ASK HN: Is there room for a new search engine? - jim_shook
I'm relatively new in posting to the HN community, though I read it a bunch, and consistently find the discussion on here to be the most intelligent in tech. I figured it would be worth posting a concept I've been thinking about to hopefully get some good feedback. Not sure if its the right forum for something like that, but here goes.<p>To begin, I do search engine marketing for Roomorama.com, I'm part of the founding team, and love working there, though am always thinking about new potential projects, like I'm sure most of us do.<p>The theory I'm working under for the concept I'd like to get feedback on, is that "search", as it currently exists for the most part, is an indexing and  parsing of HTML, while the web, and what people actually want when using search, isn't HTML. Its objects that match their long tail criteria.<p>When you think about it, the results that come from the current process, are only a good approximation of what searchers really want. If I'm looking for a blog post about the American Jobs Act from a liberal blogger under 500 words, will Google be able to really help? Or if I'm looking for an event, the weekend of October 15, in Denver, that's good for kids, will Google help by returning HTML pages? Not really. If you're a savvy web user, you go to the vertical search engine that is best (indeed for jobs for example, or eventful for events, or whatever). But that requires the person knowing those engines, which most people in the real world dont.<p>Google is trying to get structured data into search results (ITA software acquisition as example), but it has been kind of a mess. Try searching "apple pie recipe" and look at the mess that they offer up. I have no doubt theyre going to improve, but the major search engines architecture and infrastructure is so fundamentally based on the concept of HTML web pages being the backbone of the internet, that I think its going to be hard for them to really move away from that.<p>Is there room for a search engine that starts from the beginning, looks at each vertical, brings structured data into the system (via partnerships with the vertical search engines that exist) and intelligently returns the results that their searchers really want, with a smart way of being able to sort and refine?<p>Just throwing it out there. Appreciate any thoughts you'd have!
======
27182818284
I think the thing the worst thing Google does right now is its search. I
challenged myself to use Duck Duck Go (DDG) for a month and after a month I'm
still using it. The only thing I miss about Google's search are the occasional
fun Google logos on holidays. But that's it! There is no real difference. I
still find the content I'm looking for, etc.

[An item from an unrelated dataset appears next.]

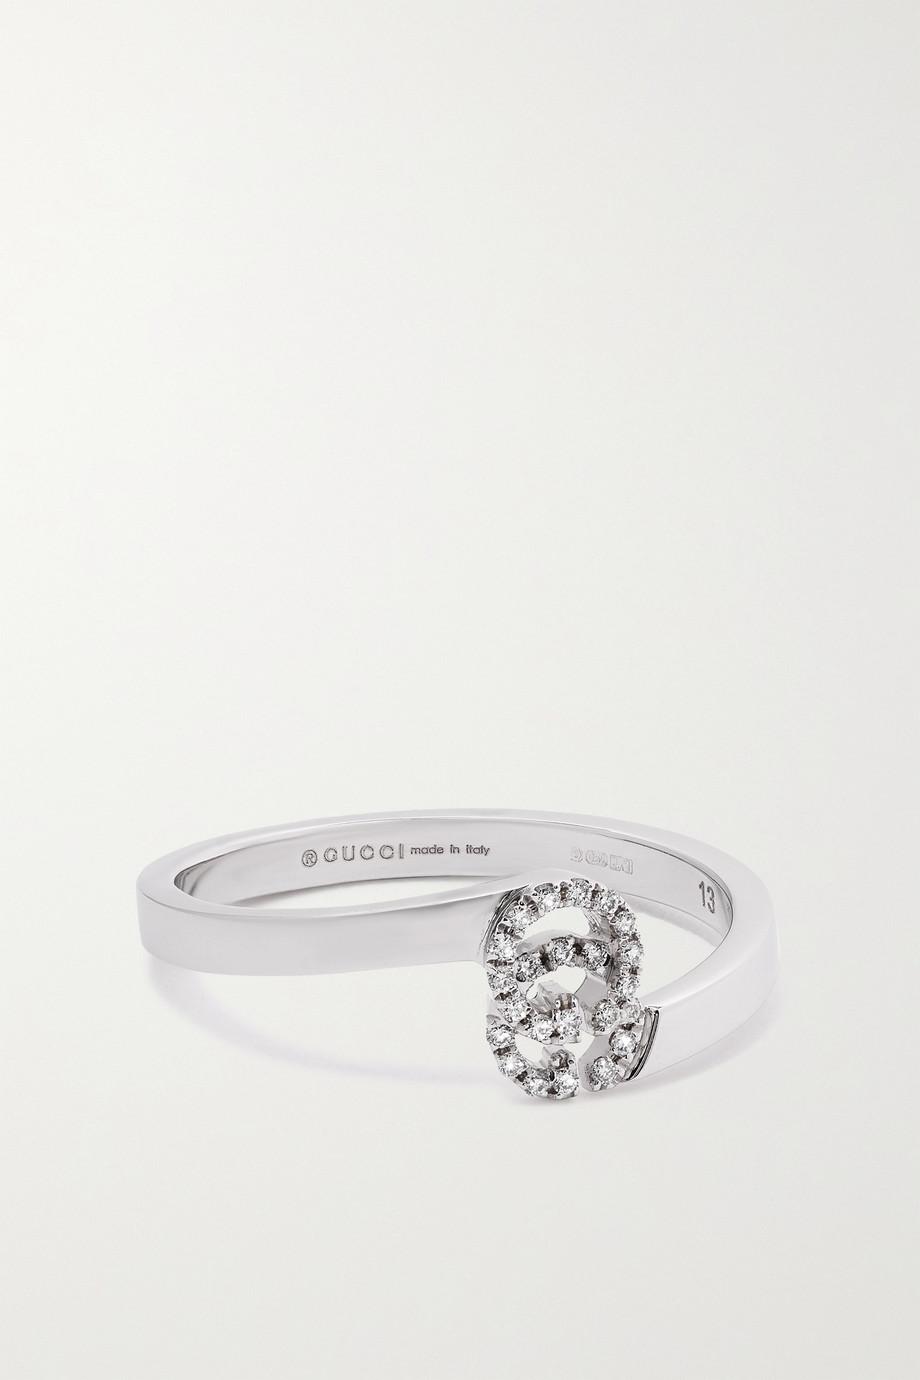 Gucci GG Running 18-karat white gold diamond ring

What that tells me is that yes, there is great room for new search engines. I
hear whispers about a super elite team at Google that does amazing algorithm
work and data analysis work to keep their engine going, but at the same time
I'm getting comparable results with Bing, DDG, etc. Several times people have
posted a link to blind search where you see the results without the branding
and it becomes difficult to discern the difference.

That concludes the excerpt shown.